Structural Break Estimates for Employed Persons, by Sex and Age.^a

Sex and age	Employment in 2019 (in thousand)	Optimal time-varying hyperparameters		Time-invariant hyperparameters
Sex and age	Employment in 2019 (in thousand)	Parameter estimate	Standard error	Parameter estimate	Standard error
Males aged 15–24	171	−1,608	2,252	−1,925	2,249
Males aged 25–74	1,271	−381	4,025	5,002	3,697
Females aged 15–24	163	8,115	2,143	5,442	2,389
Females aged 25–74	1,119	15,738	3,534	15,788	3,566
Total: aggregate of the four domains	2,724	21,864	6,295	24,307	6,095
Total for those aged 15–24: aggregate of the two sex groups	334	6,507	3,106	324	5,943
Total for those aged 25–74: aggregate of the two sex groups	2,390	15,357	5,311	20,790	5,137
Total for males: aggregate of the two age groups	1,442	−1,989	4,558	3,077	4,327
Total for females: aggregate of the two age groups	1,282	23,853	4,133	21,230	4,292

The period of the analysis is 2006M1-2021M10. The estimated uncertainties for the 2021-redesign level shift parameter estimates measured with the standard error are based on the assumption that $ψ^{1}$ , $ψ^{2}$ , and $ϕ$ are known. Employment in 2019, according to LFS.

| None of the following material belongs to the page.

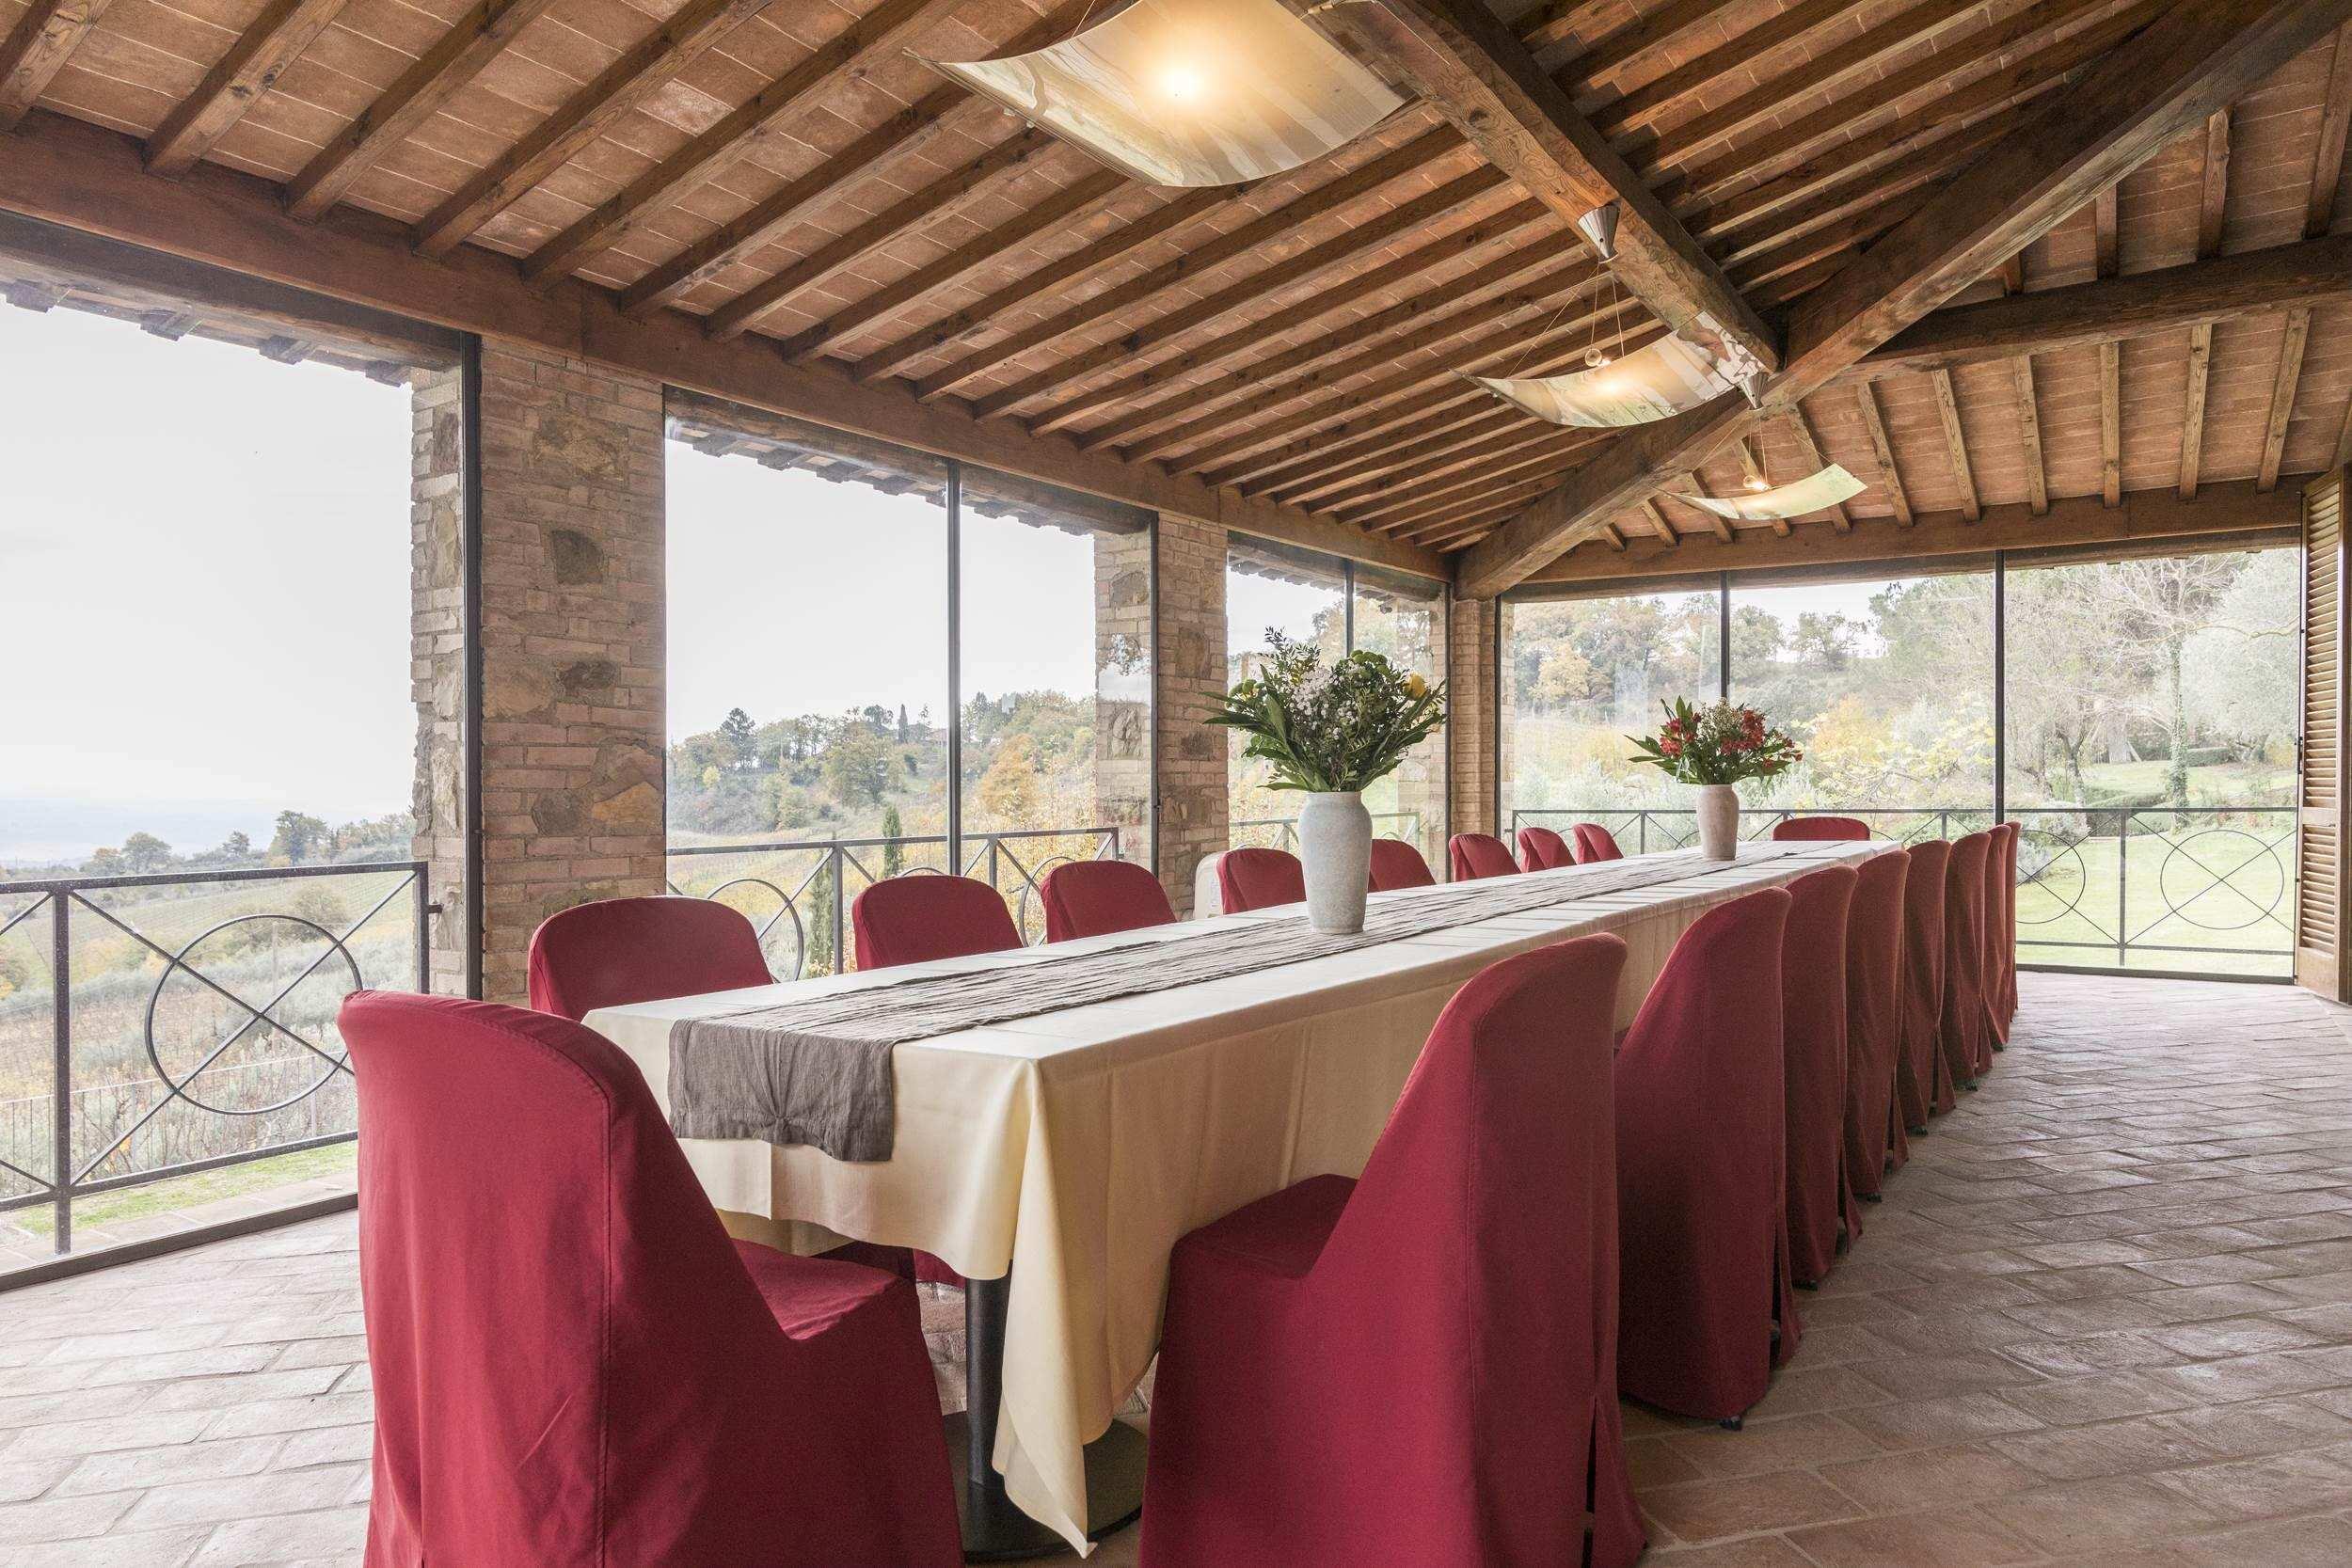 Private Chef at Tuscan luxury villa.

When time-varying variances for the disturbances of the slopes are allowed for, the structural break estimates for males are small and insignificant when measured either individually or jointly. The estimates for women are all positive and significant. Thus, our analysis implies that the redesign of the Norwegian LFS led to an increase in measured employment for women.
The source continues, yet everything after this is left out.